By concentrating on only creating generic HTML pages, the user is allowed to focus on refining the concept or idea without implementation distractions. The Storyspace 2 for Macintosh HTML conversion utility ensures file compatibility with any web browser on any platform, as long as the browser has the correct browser multimedia plug-ins for sounds and movies. Key functionality is missing from the HTML generated documents, but can be added later by the user through an outside editor.

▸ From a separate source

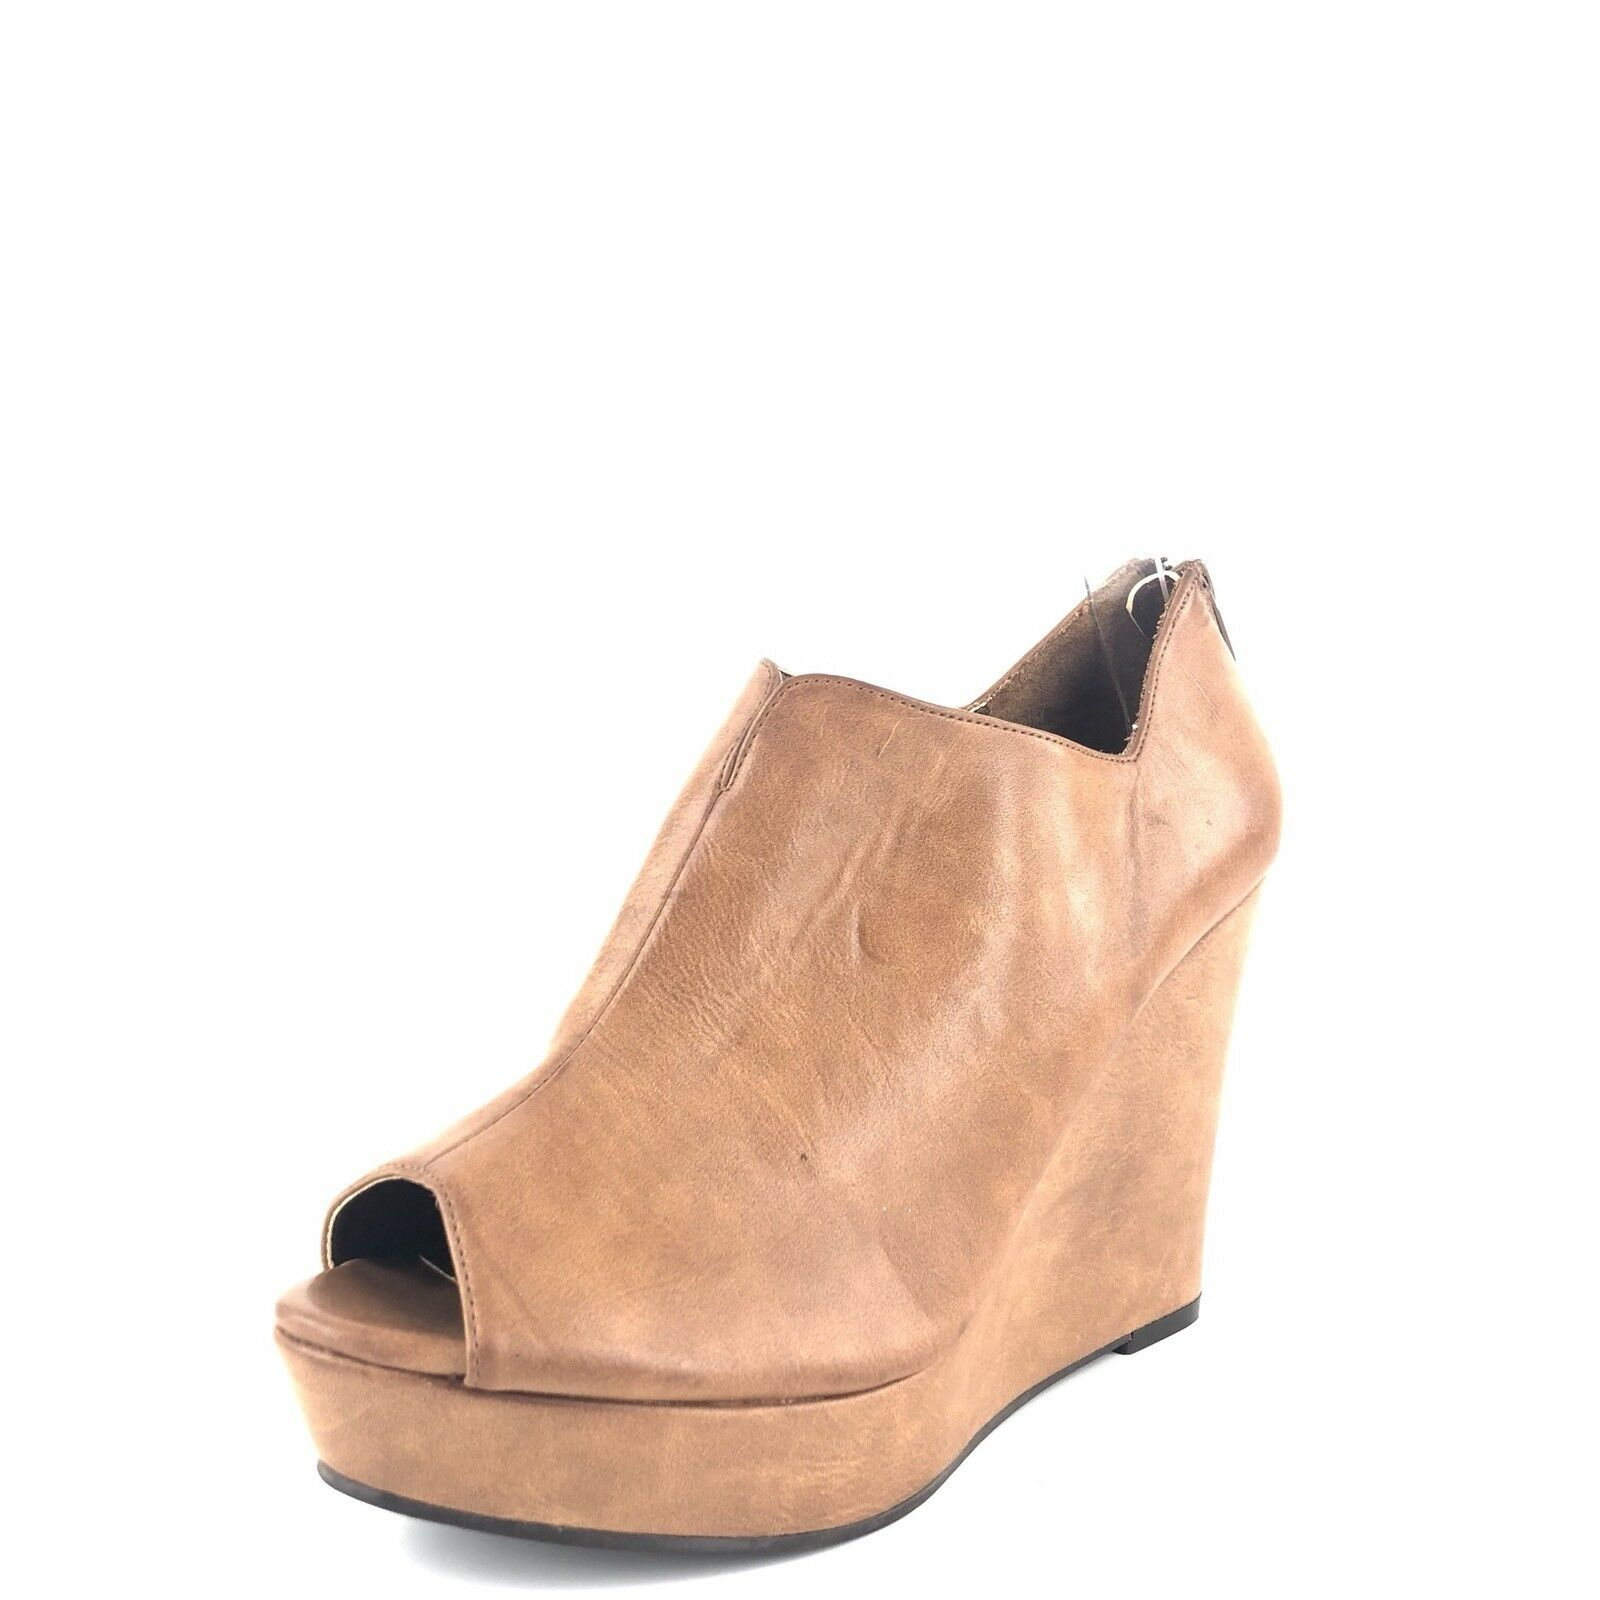 BP.  Womens Heels Wedges Open Toe Tan Leather Size 9.5 M

With this key functionality missing, I might be able to justify a $295.00 purchase of this program for a one-machine license fee under certain circumstances. Although it is tens of thousands of dollars less than Rational Rose for software/hardware design, this program could be an entry-level tool for software or engineering designers. When a task such as creating a web site or multimedia presentation for a customer is suggested, I would require a tool with more flexibility and functionality. This is not an application that I would suggest to expert level web site designers or developers. It's great for the novice users and those who do not have a need or want to learn HTML coding.

While novices can transmit their work to other technical and non-technical readers by HTML file format or the proprietary Storyspace 2 file format, the Storyspace 2 Reader is required for reading the Storyspace 2 file on the Mac or PC Operating System. With the free Storyspace 2 reader, people reading the documents can only edit the documents if they have the commercial version of the software. That limitation could cause problems if the user has changed the directory structures.

Recently, I had to create a dataflow diagram and this application would have simplified the documentation process of the systems behaviors. Against my will, I had to use Microsoft PowerPoint to finish my document. The text outline function and other viewing windows are far superior to the elementary outline capabilities of PowerPoint. I am pleased with Storyspace's operation and memory management, while I expect the addition of more functionality in later releases. Storyscape works on the net and the development process will be enhanced once certain conversion boundaries are broken and the toolbox is expanded.


  • Drag and Drop functionality with external multimedia
  • Small application size and good memory management
  • HTML conversion of Storyspace documents
  • Adequate Toolbox
  • A lot of software documentation
  • Web site with useful information and software user experiences with their Storyspace creations
  • Free Storyspace reader with commercial version so users can distribute the reader with their Storyspace documents


  • Some Storyspace functionality is lost during the HTML conversion.